## Problem details
As you reproduce every line below, keep it exactly as written and leave out the images.

## The data
..............................
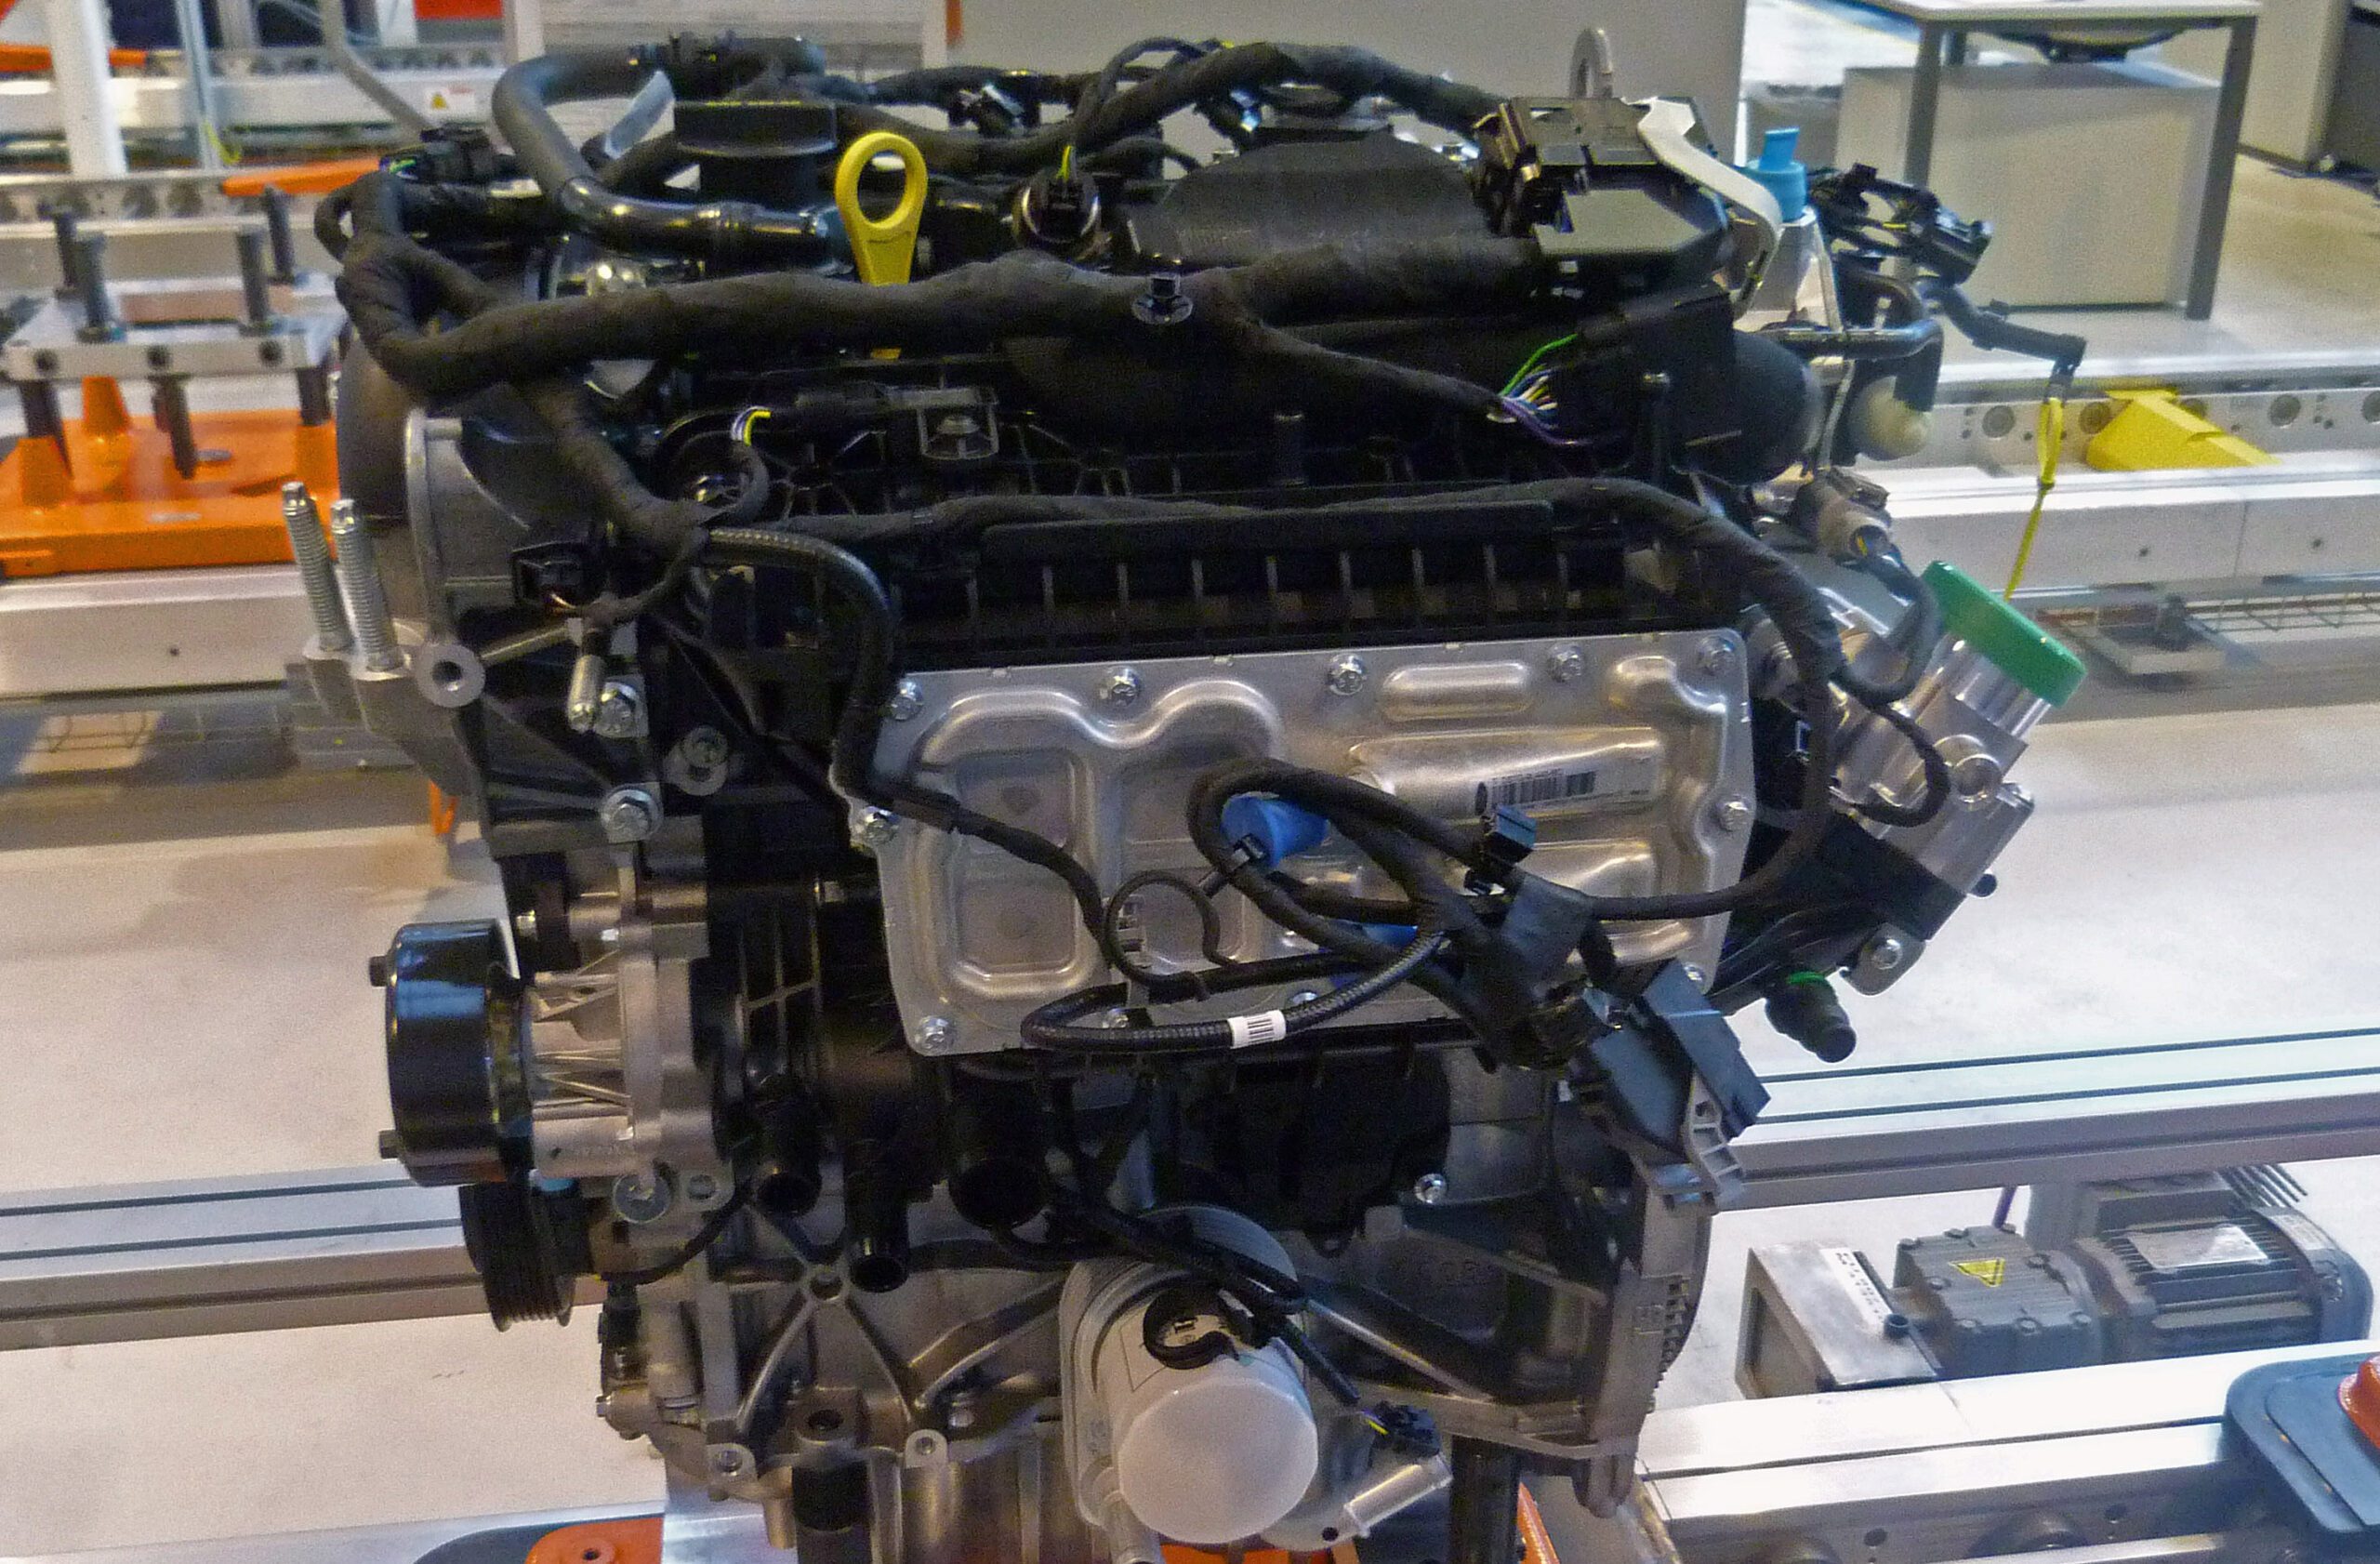 DTS Lopik revisie-specialist Ford 1.5 EcoBoost motor
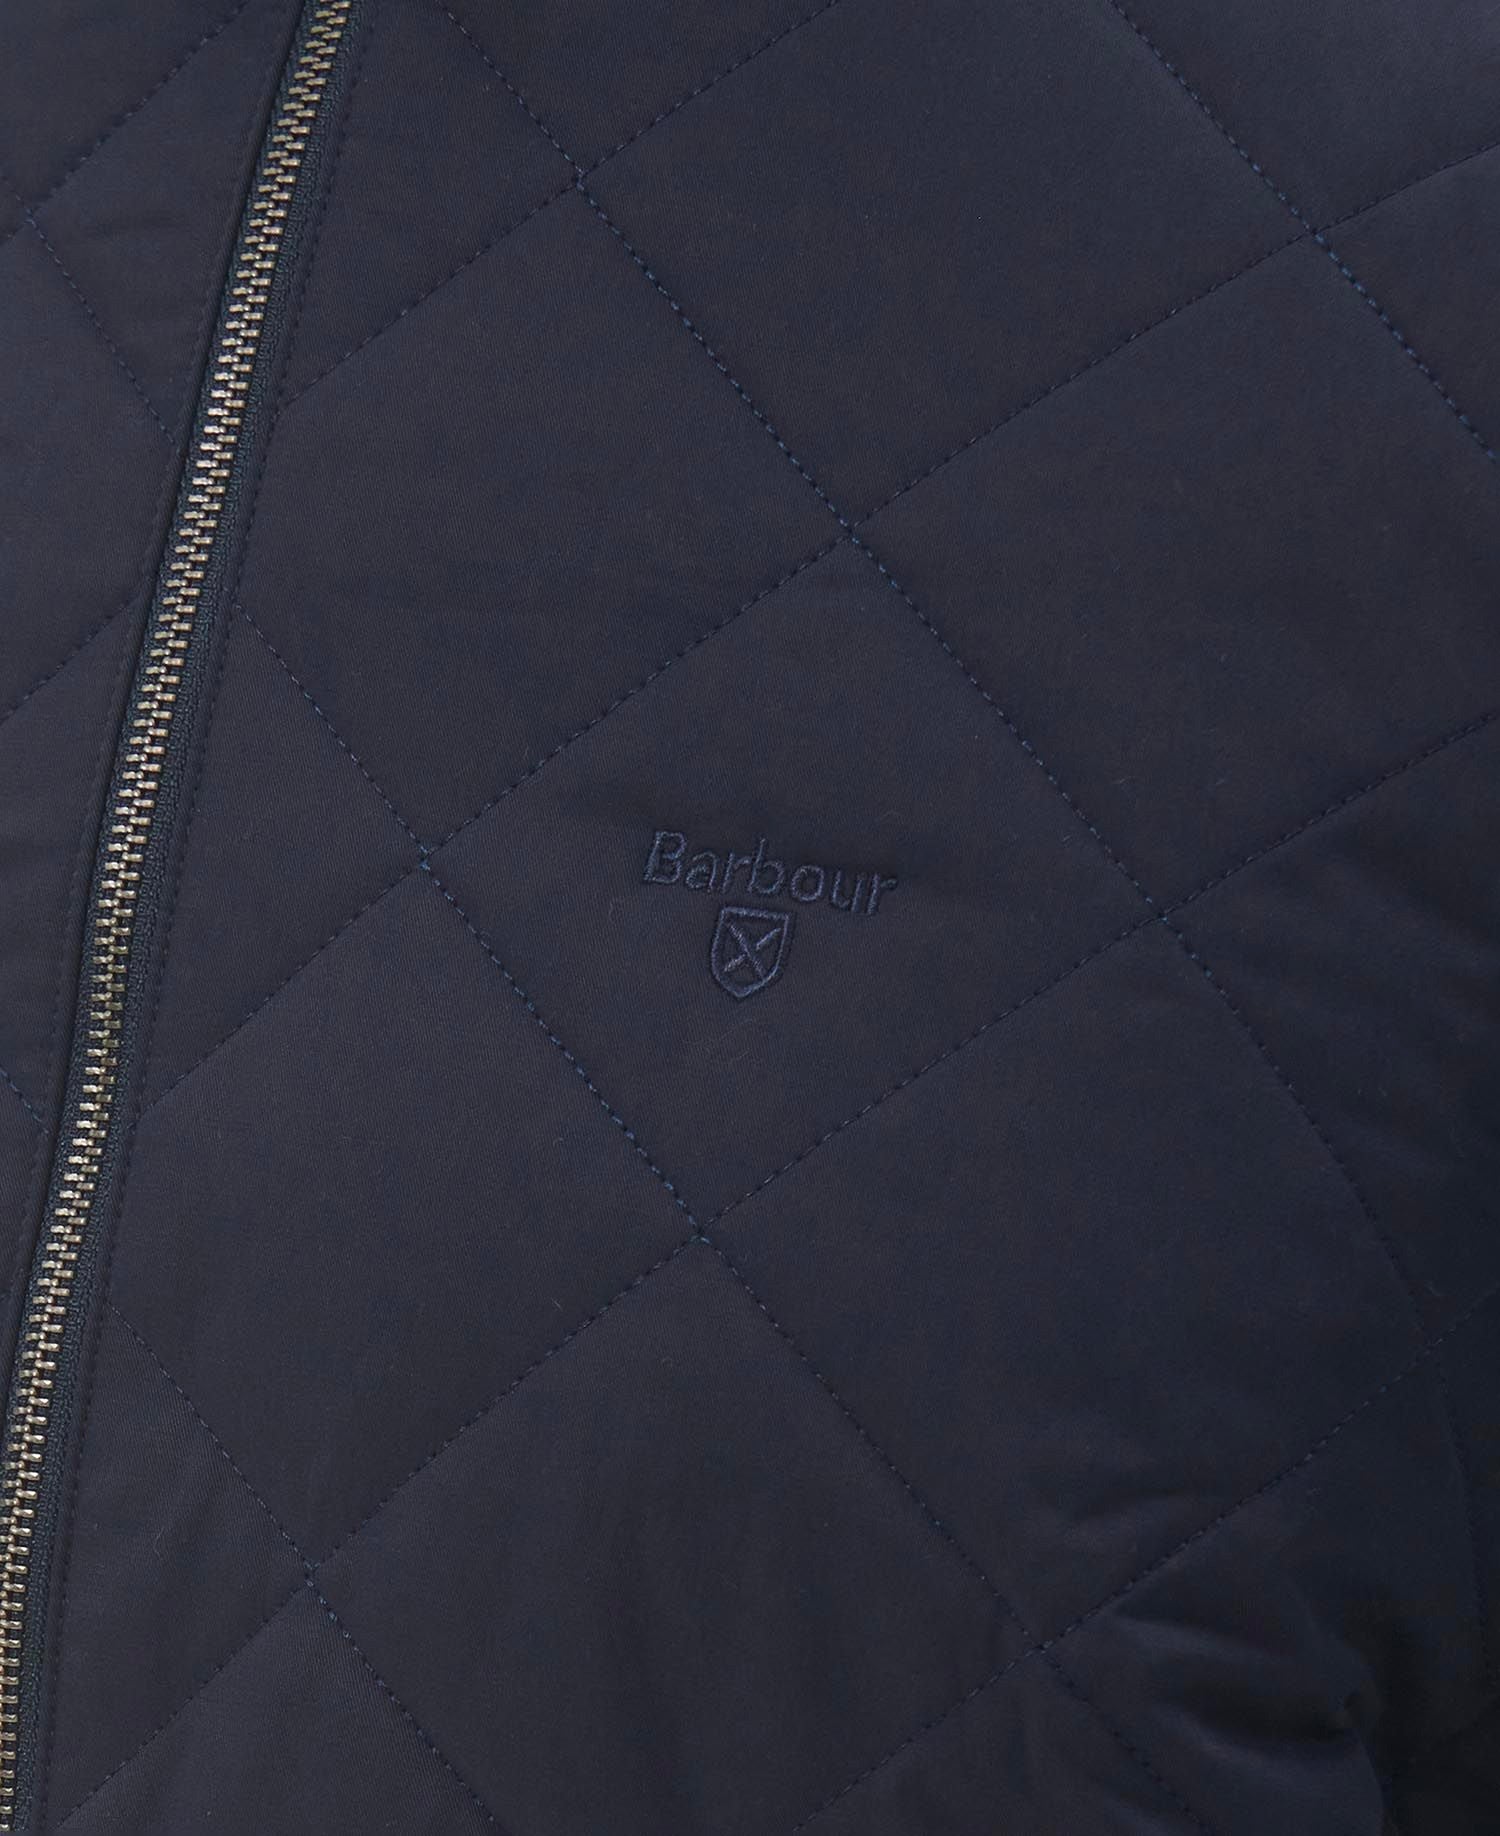 Essential Box Quilt Gilet NAVY
A must-have layering piece for outdoor enthusiasts and city dwellers alike, the Barbour Essential Box Quilt Gilet combines padded warmth to the front with a stylish wool-blend panel to the reverse. With a lightly brushed finish and logo embroidery to the chest, it delivers a premium look from the waist up. BARBOUR
..............................
## Solution for this problem
 DTS Lopik revisie-specialist Ford 1.5 EcoBoost motor
 Essential Box Quilt Gilet NAVY
A must-have layering piece for outdoor enthusiasts and city dwellers alike, the Barbour Essential Box Quilt Gilet combines padded warmth to the front with a stylish wool-blend panel to the reverse. With a lightly brushed finish and logo embroidery to the chest, it delivers a premium look from the waist up. BARBOUR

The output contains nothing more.